Skip to content

earthcube2022/ec22_okeefe_etal

Repository files navigation

Binder

Handling Highly Imbalanced Data in Machine Learning Applications

Abstract

Machine learning techniques can be applied across various industries to make accurate predictions of future data points based on observed patterns. However, in cases where there are vast imbalances to training data, algorithms may default to the majority classes when predicting future data points and thus cause inaccuracy in predictions. This may be especially undesirable when predicting rare but dangerous activities such as solar proton events (SPE) that could damage sensitive electronics and affect the general ecosystem on Earth. Traditional methods to remedy class imbalance involve manipulation of the training data to create even splits between classes, but synthetically balanced data may be unrepresentative of the original data. There are, however, additional techniques that can be used without the risk of using sampled data that is unrepresentative of the original data.

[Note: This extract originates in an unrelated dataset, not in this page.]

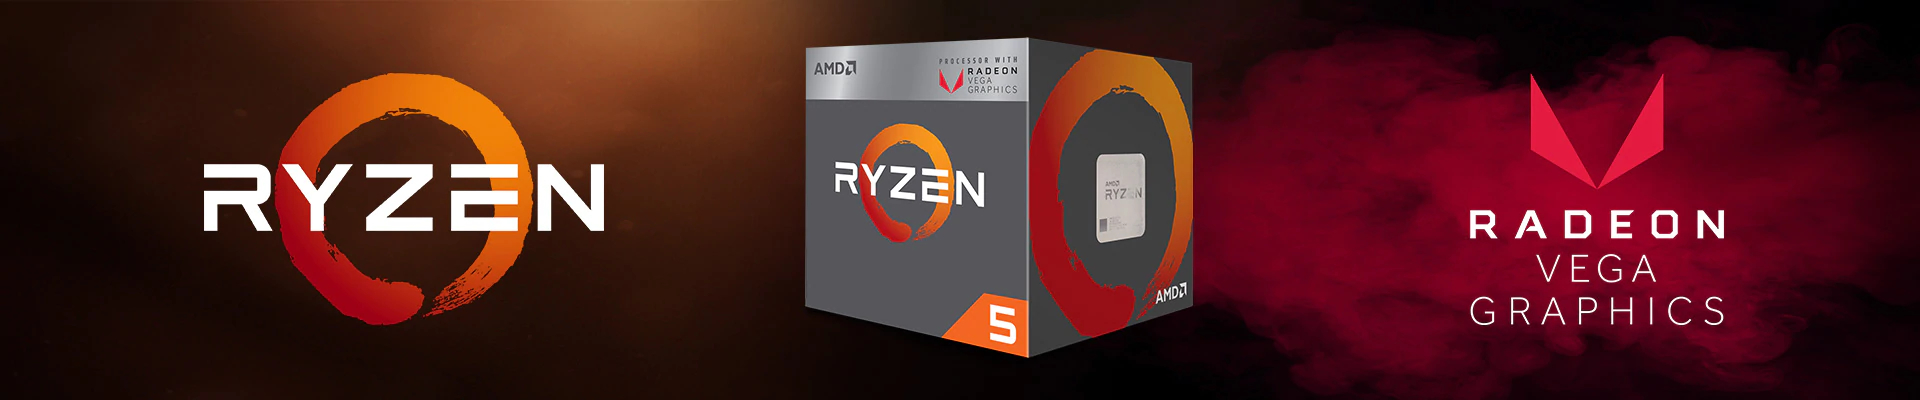 Folyamatosan javul a Ryzen-ek teljestmnye, az AMD folyamatosan adagolja a szoftveres javtsokat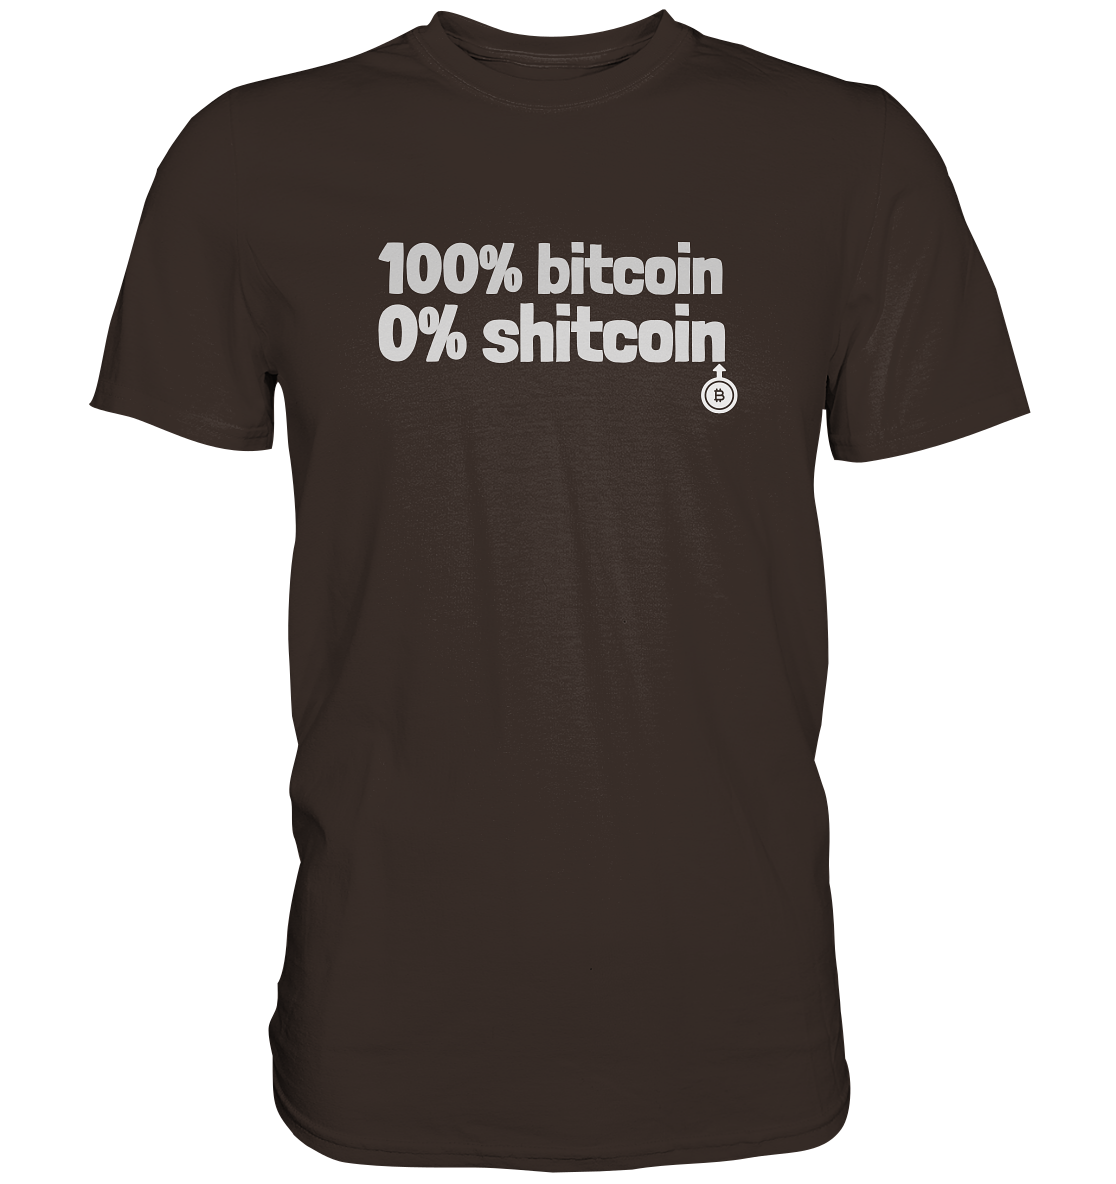 100% bitcoin - 0% shitcoin  - Premium Shirt

In this work, we develop a database and analyze the application of various class-imbalance treatment techniques (oversampling, undersampling, class weight assignment) to build balanced classifiers for the prediction of whether the solar flare results in an SPE event, with the goal of developing an unbiased solution. Our data set consists of the soft X-ray properties of the solar flares detected by GOES satellite from 2001 to 2020, namely the peak values of the flux in 0.05-0.4 nm and 0.1-0.8 nm channels and related temperature and emission measure peak values derived with TEBBS algorithm. We utilize the balanced accuracy score and other assessment metrics (such as TSS and HSS) for the evaluation of the machine learning prediction. We find that vastly imbalanced data may be analyzed without the risks involved with oversampling or undersampling and accurate, unbiased classifications may be produced.